Foi exactamente na data em que nasceu, a 18 de Julho, que, organizado pela Fundação Nelson Mandela, com o apoio da Câmara de Matosinhos e da Embaixada da África do Sul, arrancou o primeiro de três dias de Nelson Mandela Music Tribute, evento solidário cujas receitas revertem na totalidade para a fundação (75%) e para a Associação Portuguesa de Esclerose Lateral Amiotrófica (25%). Antes do evento orçado em 2 milhões de euros começar, a organização esperava aproximadamente 40 mil pessoas. Na abertura terão participado 12 mil. Os bilhetes diários custam 40 euros e o passe geral 100 euros.
Habituado às causas, o activista Bob Geldof, amigo do Nobel da Paz, foi um dos nomes que marcou presença na iniciativa que até sexta-feira decorre na praia do Aterro, em Leça da Palmeira. No primeiro dia também tocaram Cecilia Krull, Calema, Pablo Alborán e Kaiser Chiefs.
São nomes de nacionalidades e géneros musicais diferentes. Todos couberam no mesmo recinto e serviram os gostos distintos do público diverso que por lá passou.
A madrilena Cecilia Krull, que recentemente ficou conhecida por assinar o tema de abertura da série Casa de Papel abriu o palco ao final da tarde.
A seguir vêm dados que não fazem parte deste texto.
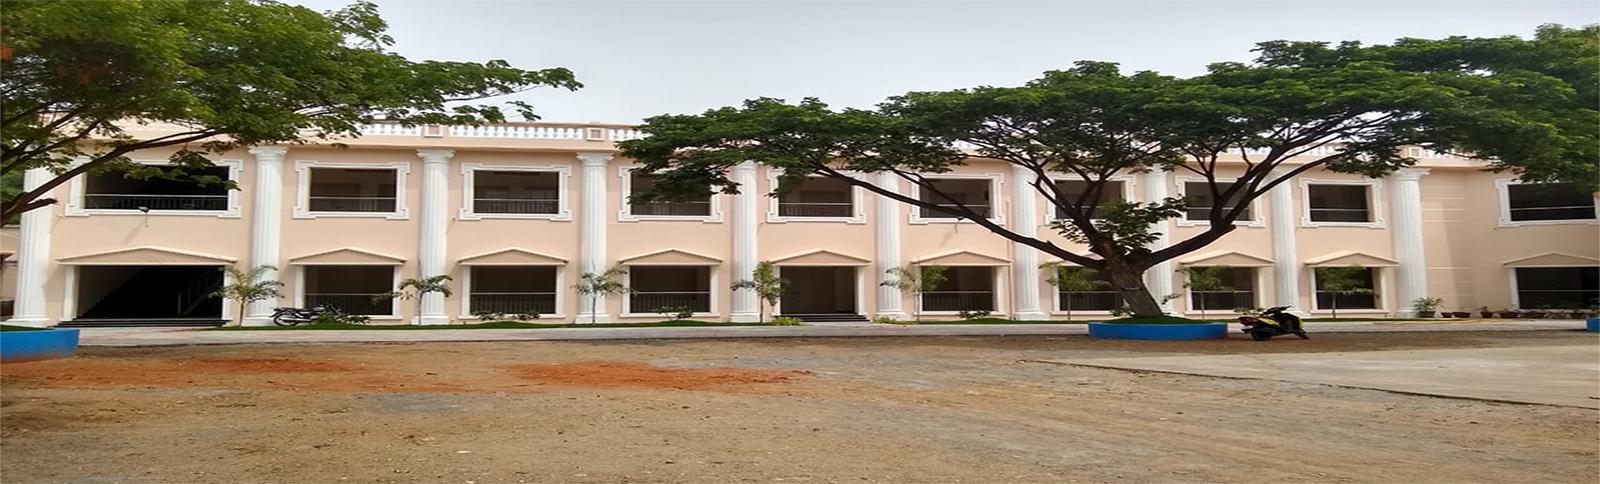 Jayarani Arts and Science College, Salem Image

Soul a piscar o olho a um R&B com base electrónica. My life is going on valeu-lhe para conseguir a atenção ainda do pouco público que àquela hora estava frente ao palco. Tiveram de ouvir o tema em dose dupla, à segunda remixado.
Além do sucesso catapultado pela série espanhola, ainda não tem material suficiente para segurar um set. Preencheu-o com mais meia dúzia de originais e recorrendo a versões. Tocou Wicked game, de Chris Isaak, e This is what it feels like, de Banks, antes de os Calema entrarem em palco para representarem a kizomba feita em São Tomé e Príncipe, numa versão mais épica e rock suportada em teclados e guitarras distorcidas.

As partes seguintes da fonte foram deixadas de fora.